BERT is a model that knows to represent text. You give it some sequence as an input, it then looks left and right several times and produces a vector representation for each word as the output. At the end of 2018 researchers at Google AI Language open-sourced a new technique for Natural Language Processing (NLP) called BERT (Bidirectional Encoder Representations from Transformers). A major breakthrough that took the Deep Learning community by storm because of its incredible performance.


Why was BERT needed?

One of the biggest challenges in NLP is the lack of enough training data. Overall there is an enormous amount of text data available, but if we want to create task-specific datasets, we need to split that pile into very many diverse fields. And when we do this, we end up with only a few thousand or a few hundred thousand human-labeled training examples. Unfortunately, in order to perform well, deep learning-based NLP models require much larger amounts of data — they see major improvements when trained on millions, or billions, of annotated training examples.

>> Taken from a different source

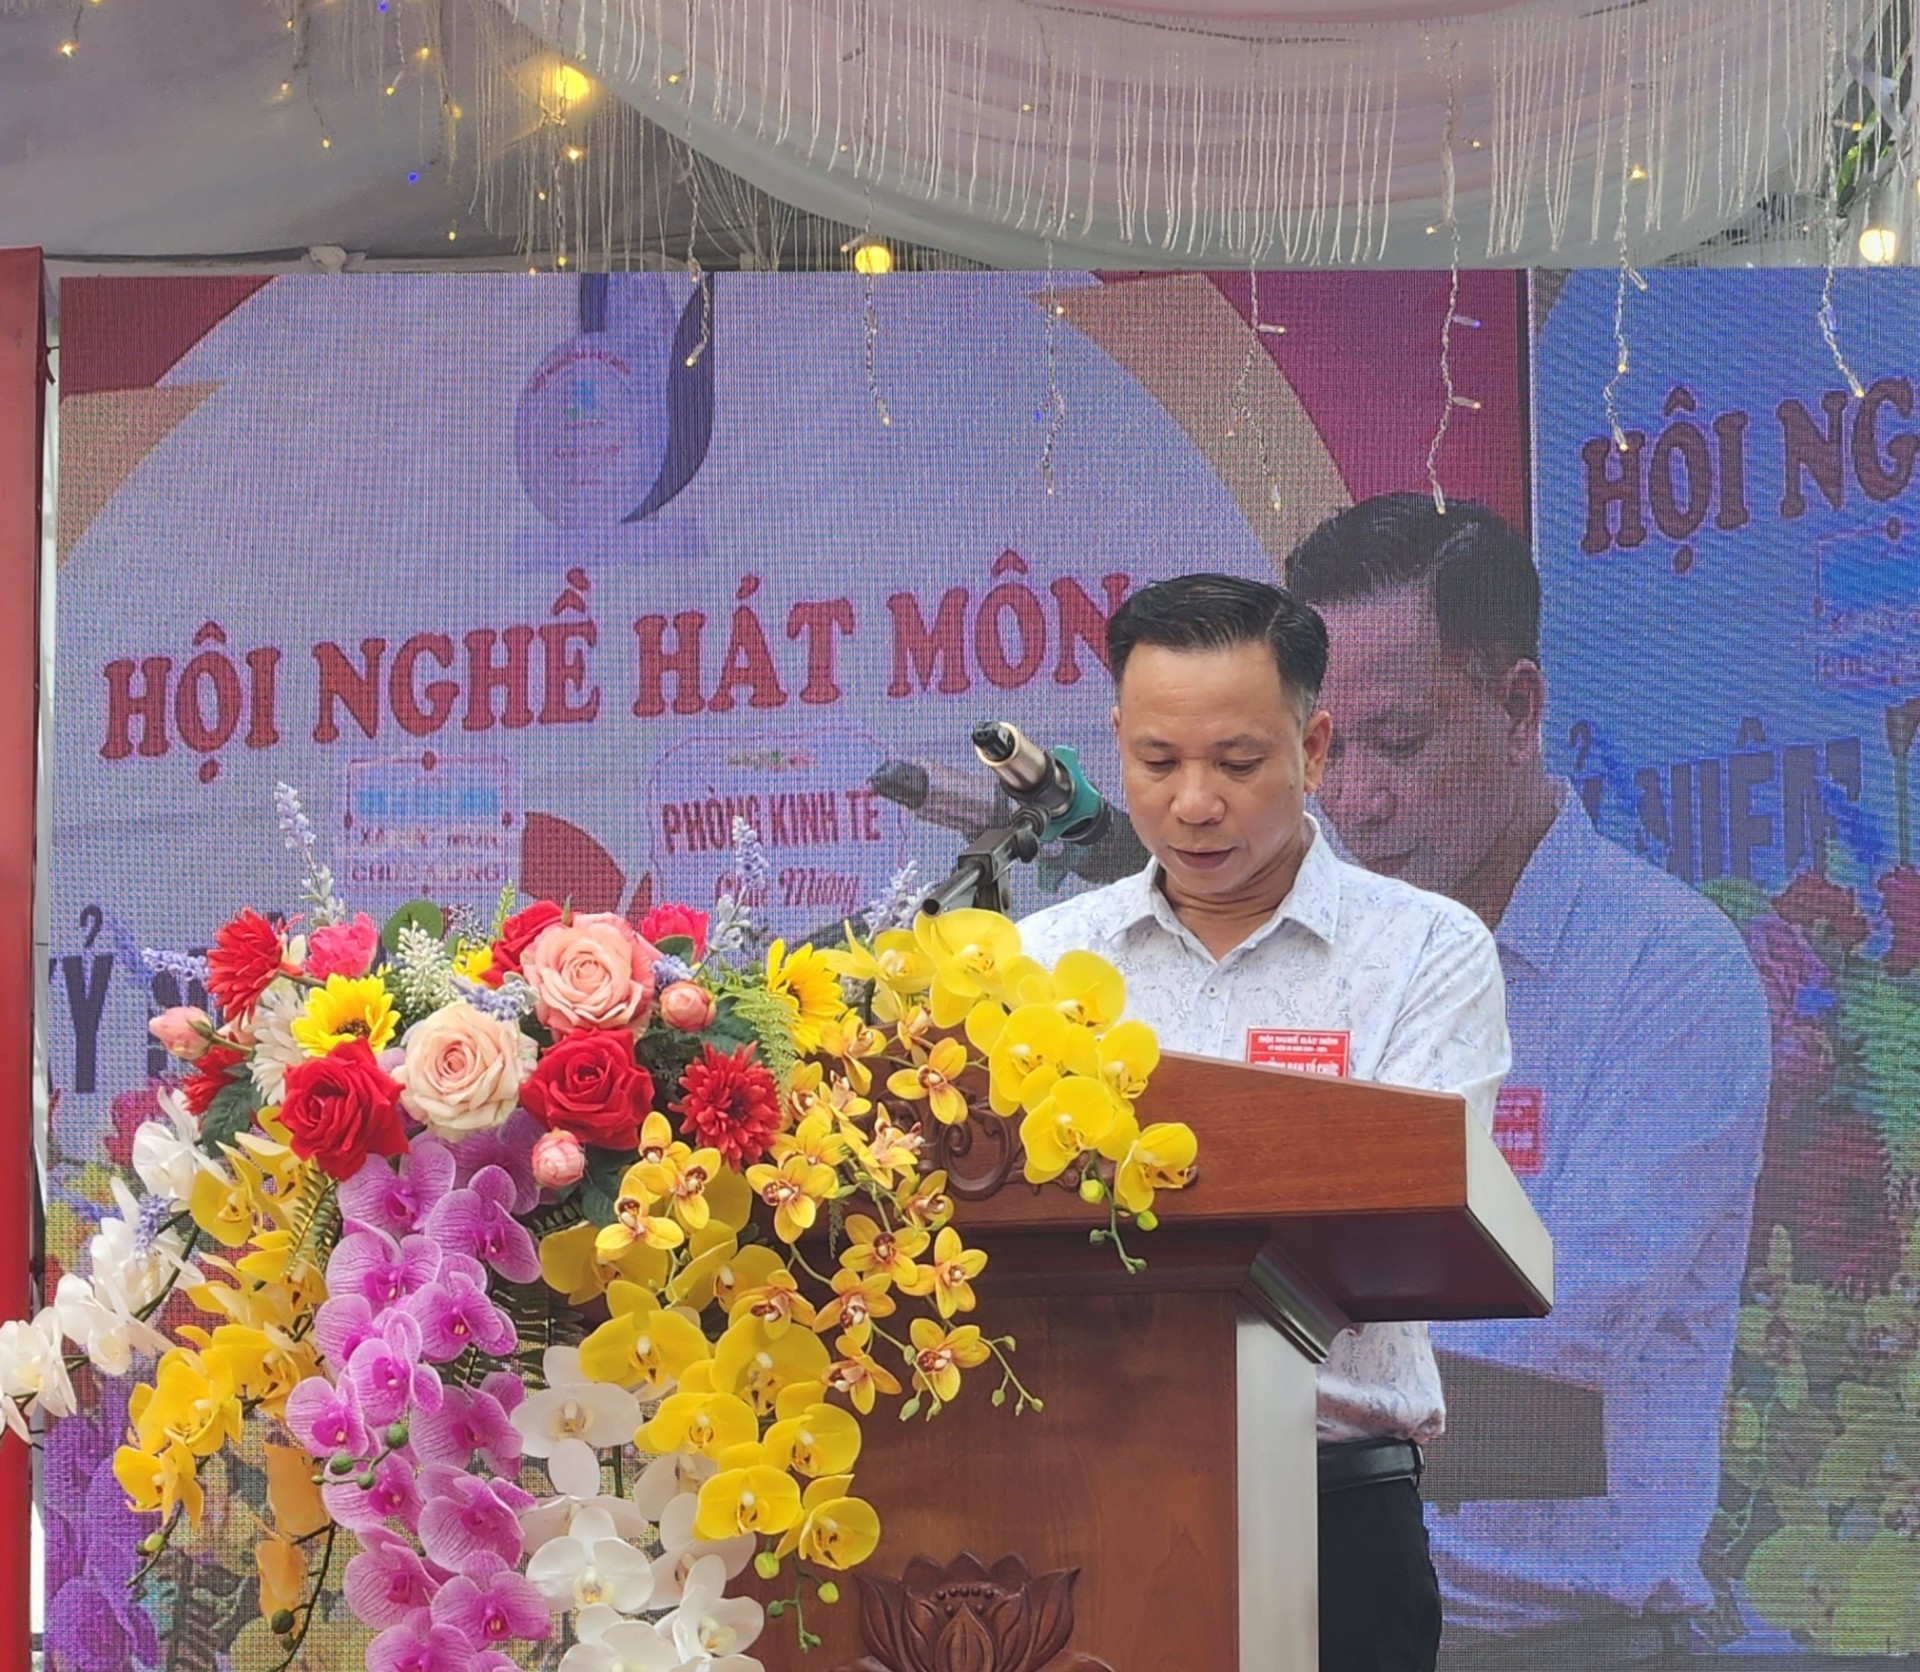 Hà Nội: “Hội Nghề Hát Môn” hân hoan tổ chức kỷ niệm 20 năm ngày thành lập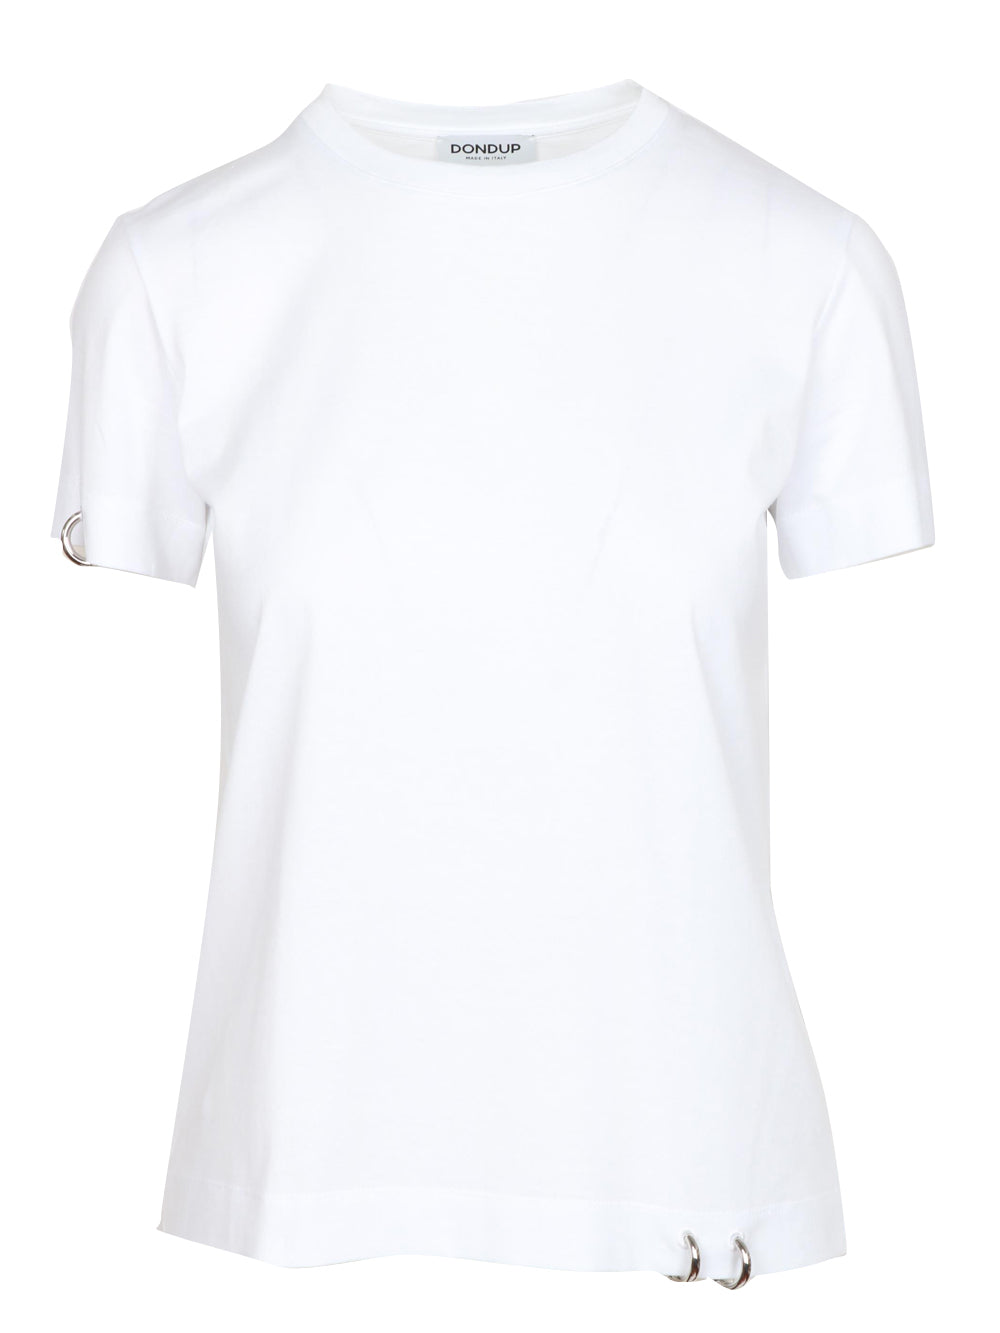 DONDUP T-Shirt Girocollo in Cotone Bianca con Piercing Bianco

To help bridge this gap in data, researchers have developed various techniques for training general-purpose language representation models using the enormous piles of unannotated text on the web (this is known as pre-training). These general-purpose pre-trained models can then be fine-tuned on smaller task-specific datasets, e.g., when working with problems like question answering and sentiment analysis.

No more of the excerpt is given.